There's just something about it...

That place...the Cafe...it's great.

It started out about the music and the dancing and has become so much more. I can't explain what it is, but going to the Cafe on Wednesdays is kind of like going home. It's familiar. It's fun. The people are like my family. More and more I'm knowing the majority of the people there. They notice when I'm gone. I love them. Each one brings a different nuance of happiness to my evening, and meeting a new person or two every week just amplifies this feeling. Every week is better than the next. Every week I love it more. I love to smile at Westside Johnny on the stage and have him smile back. I love dancing the same silly dances and making the same silly faces with my friends. I love the hoops. And I love the drums. It's really hard for me to imagine what my life would be like without the Cafe anymore. I hope I never have to worry about that.

In other news...
I'm cooking up a great big monster post on body image.
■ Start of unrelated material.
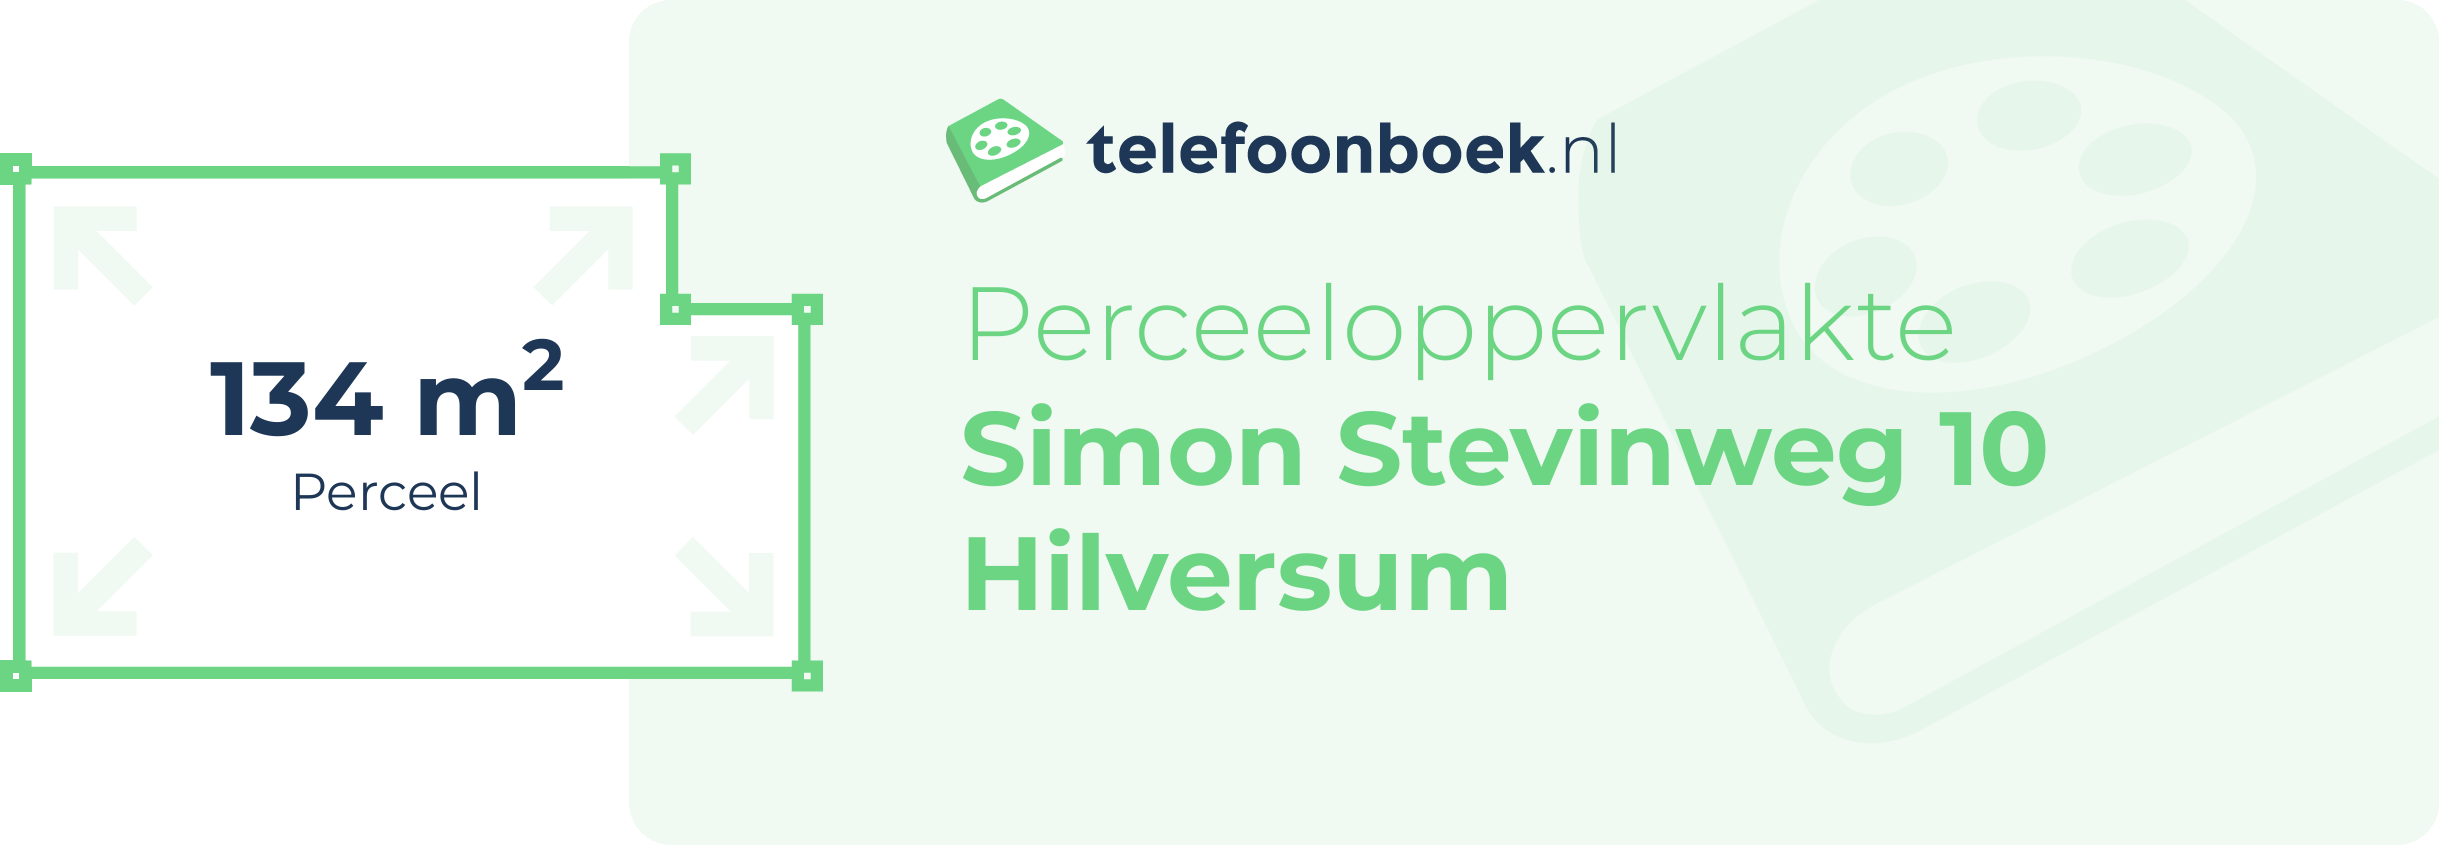 Perceeloppervlakte Simon Stevinweg 10 Hilversum

It all started as something of a silly joke. Chris had an assignment for his English class that he was dreading. I told him I'd write it for him and he declined, but I decided I'd write it anyway. So I started doing a little research and gathering some information. Before long I remembered a story from my 5th grade year that proved a point exactly, but GEEZ what a long story. I'm still working on getting it out on paper. I may or may not attach the *actual* body image paper to the end of it - I may just let the story stand on its own. We'll see. Maybe I'll write both. After all...what else am I going to do but write? It's another one of my favorite things.

And finally...
What is my silly mind up to these days? Just waiting. I've decided that is my "plan" for now. Just wait. I'm not trying to change, influence, or actively seek an end. I just want to wait. I've taken a good long look at myself and come to appreciate what I am and what I offer. I see myself in the mirror and see someone that has the capacity to love without bounds. I see someone who deserves to be loved unconditionally as well. As much as I wish one of a few key people in my life would see this wonderful opportuinity and pounce on it, I am going to wait. If they don't see the great life that they could share with me then they don't deserve to have it. I will wait. I can wait. Someone will come along who is just the person for me. Someone will come along and will love me like I love him. And life won't be perfect, but it will be close.